Methylthioadenosine phosphorylase immunostaining detects homozygous deletion of CDKN2A in malignant pleural mesothelioma with a sensitivity of 74.1% and a specificity of 100%.[11)] Previous reports have shown that the expression of EZH2 is elevated in 80% of the high-grade gliomas with loss of p16 protein expression and conserved CDKN2A.[5)] In our study, p16 and MTAP had no significant correlation with histological grade, EZH2, and H3K27me3. It is unclear whether this lack of correlation observed for p16 and MTAP is unique to midline gliomas or does it apply to gliomas in other regions as well. While it is possible that p16 and MTAP immunostaining accuracy issues could explain this lack of correlation, it should be noted that low expression of MTAP was observed only in the case that also had a loss of p16, although, the correlation between the two was not significant (P = 0.350).

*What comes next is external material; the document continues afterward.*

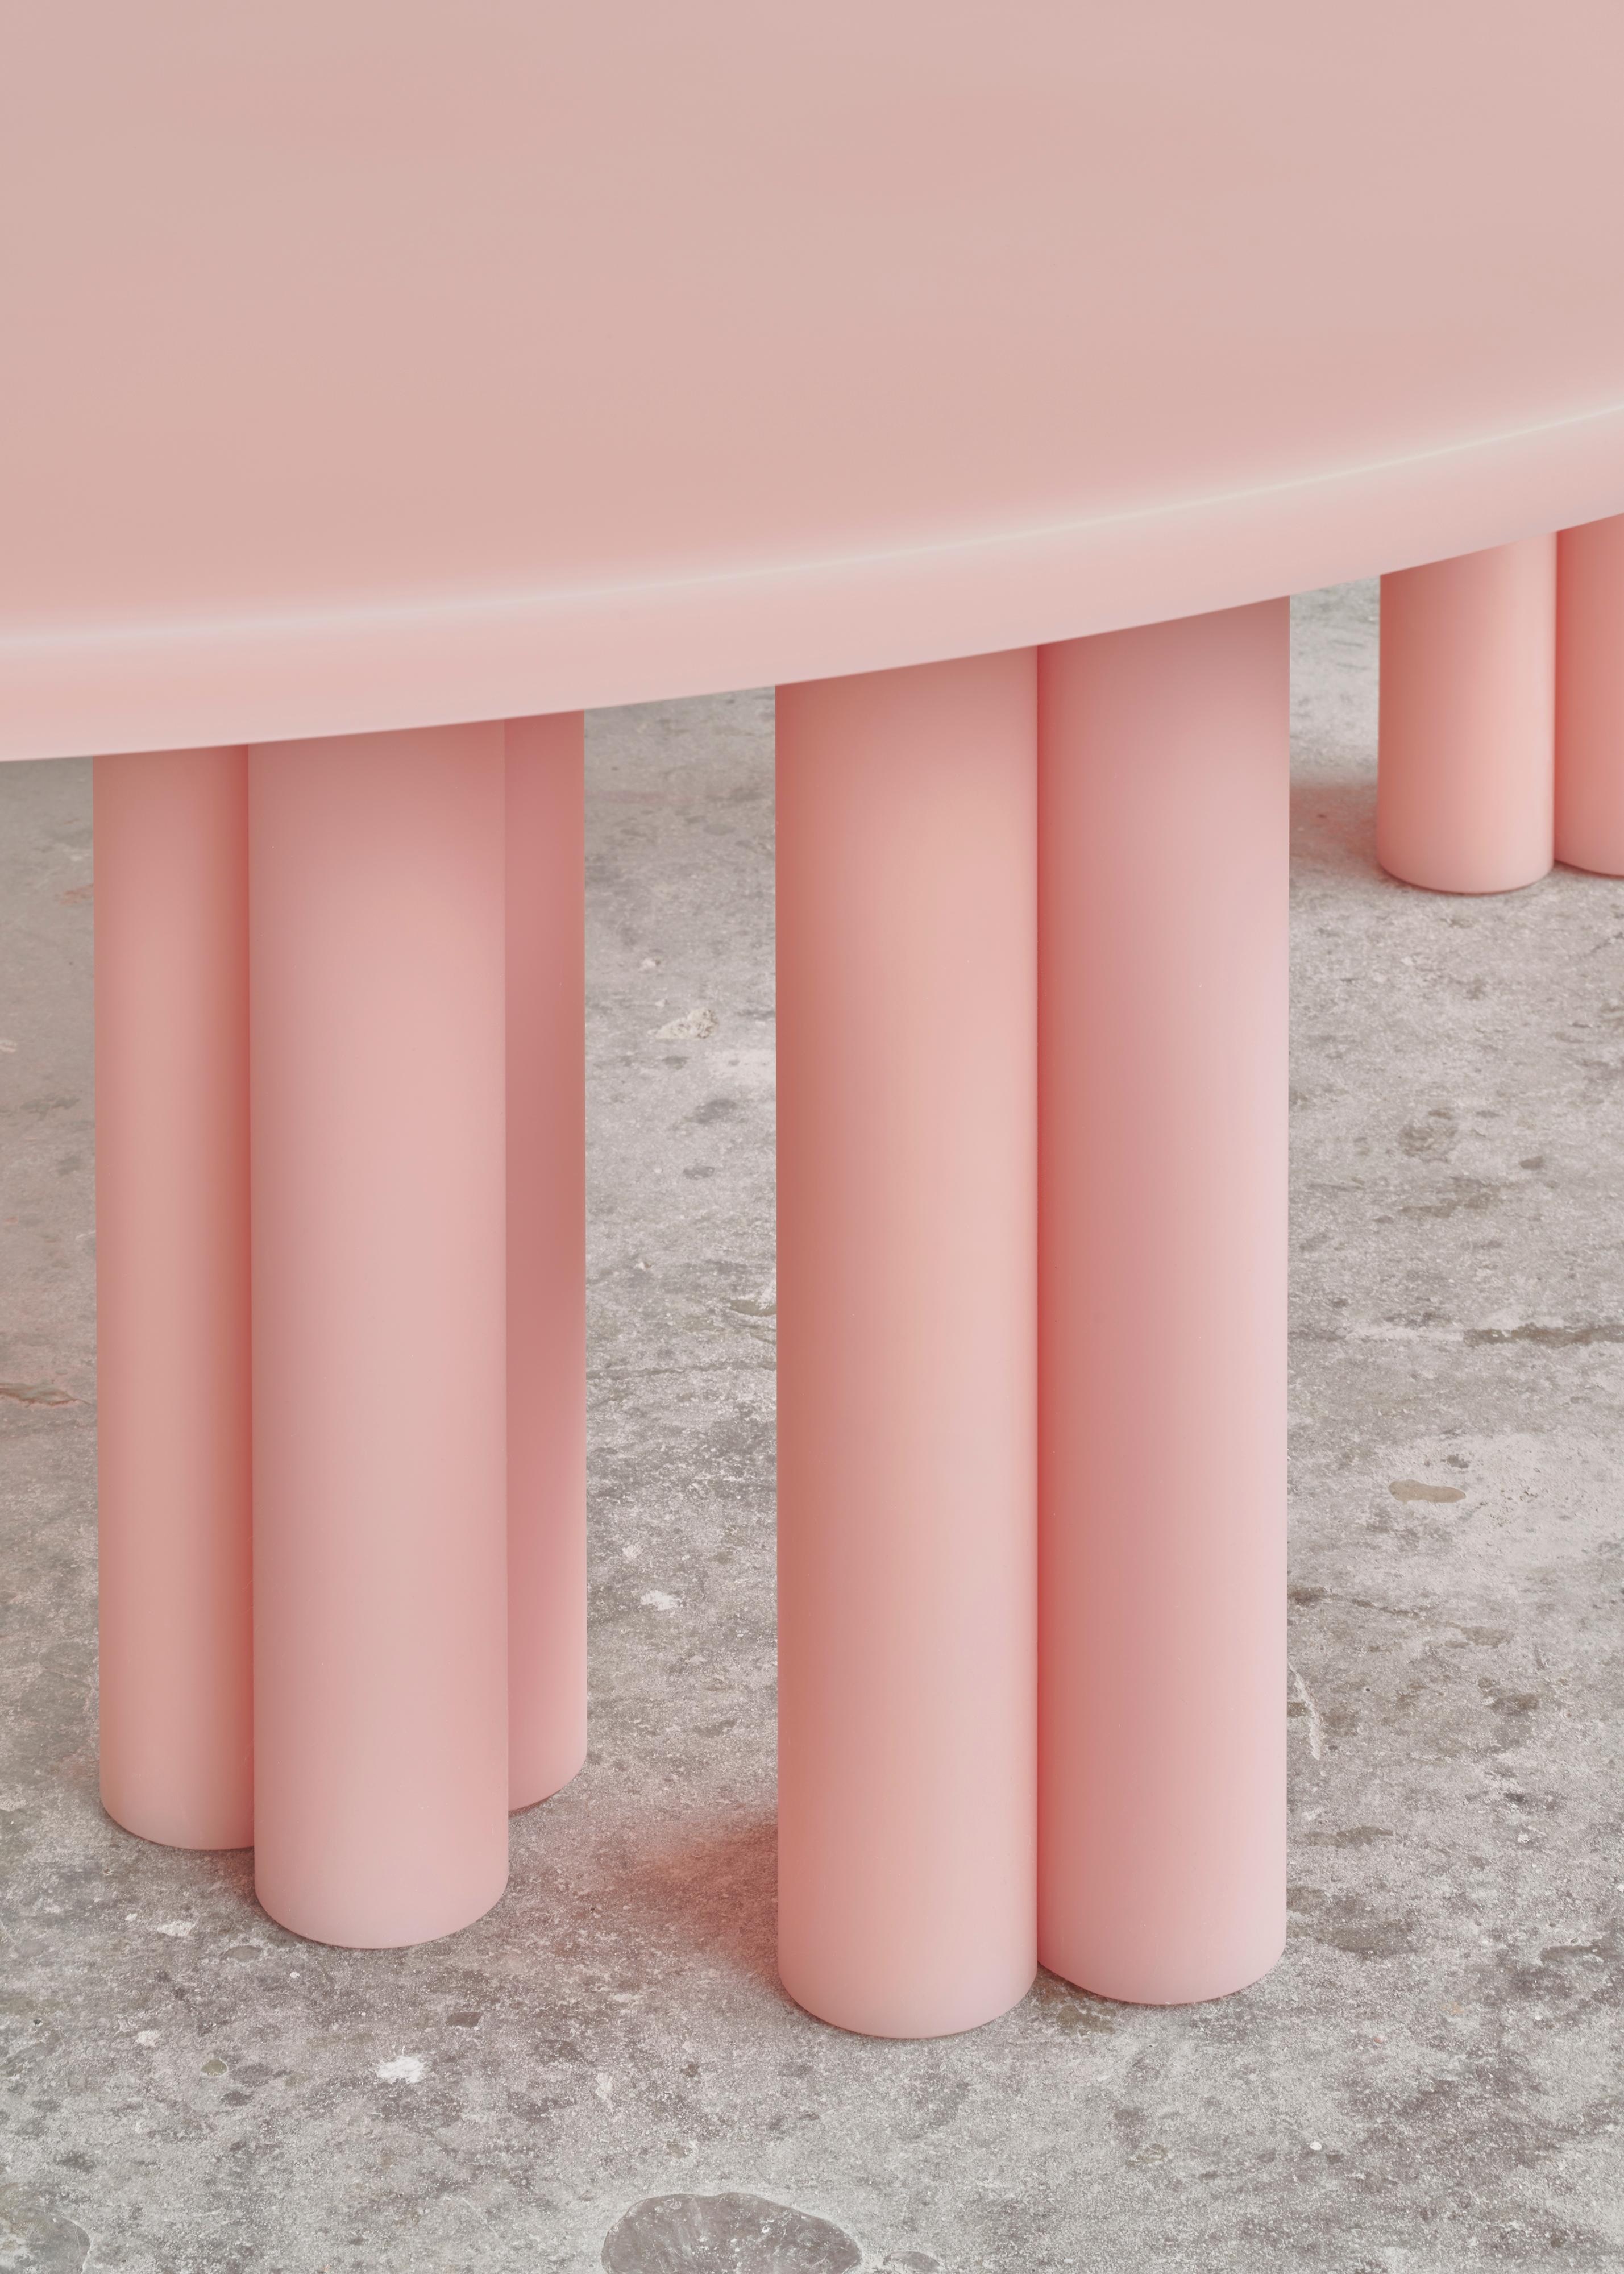 Sabine Marcelis’ SOAP Table is a dynamic dinner setting, featuring her signature resin with a soapy matte surface, now with cylinder column legs and the beautiful salmon pink colour. It is designed with the sound psychology of dining in mind. So

All the specimens tested in our study were wild type for IDH1 and IDH2. The presence or absence of IDH mutation is known to correlate with prognosis in diffuse gliomas. However, the frequency of IDH mutation is variable dependent upon the location of glioma.[25)] The frequency of IDH mutation in the midline region has previously been reported to be low.[29)] Wild type IDH is associated with variable tumor prognosis, and other useful markers of prognosis are necessary. While, histological grade and IDH status are of course important in judging the malignancy of diffuse gliomas, in midline glioma, IDH is likely to exhibit wild type status and is of limited prognostic value.

In this study, H3K27M-mutant was seen in approximately half of midline gliomas in patients over 18 years of age. Compared with other gliomas, the midline gliomas are more prevalent in younger patients. In older age group, there was no significant difference in prognosis with the presence or absence of H3K27M-mutant, unlike that seen in children. Our findings validate the value of histopathology in prognosis related to adult midline glioma. Additionally, we show that the expression analysis of EZH2 and H3K27me3 is useful adjunctively in the determination of tumor prognosis.

A limitation of this study is the small sample size. In addition, in many cases genetic testing could not be performed due to insufficient specimen volume. Furthermore, the changes in treatment approach over time may have led to differences in survival period for each case.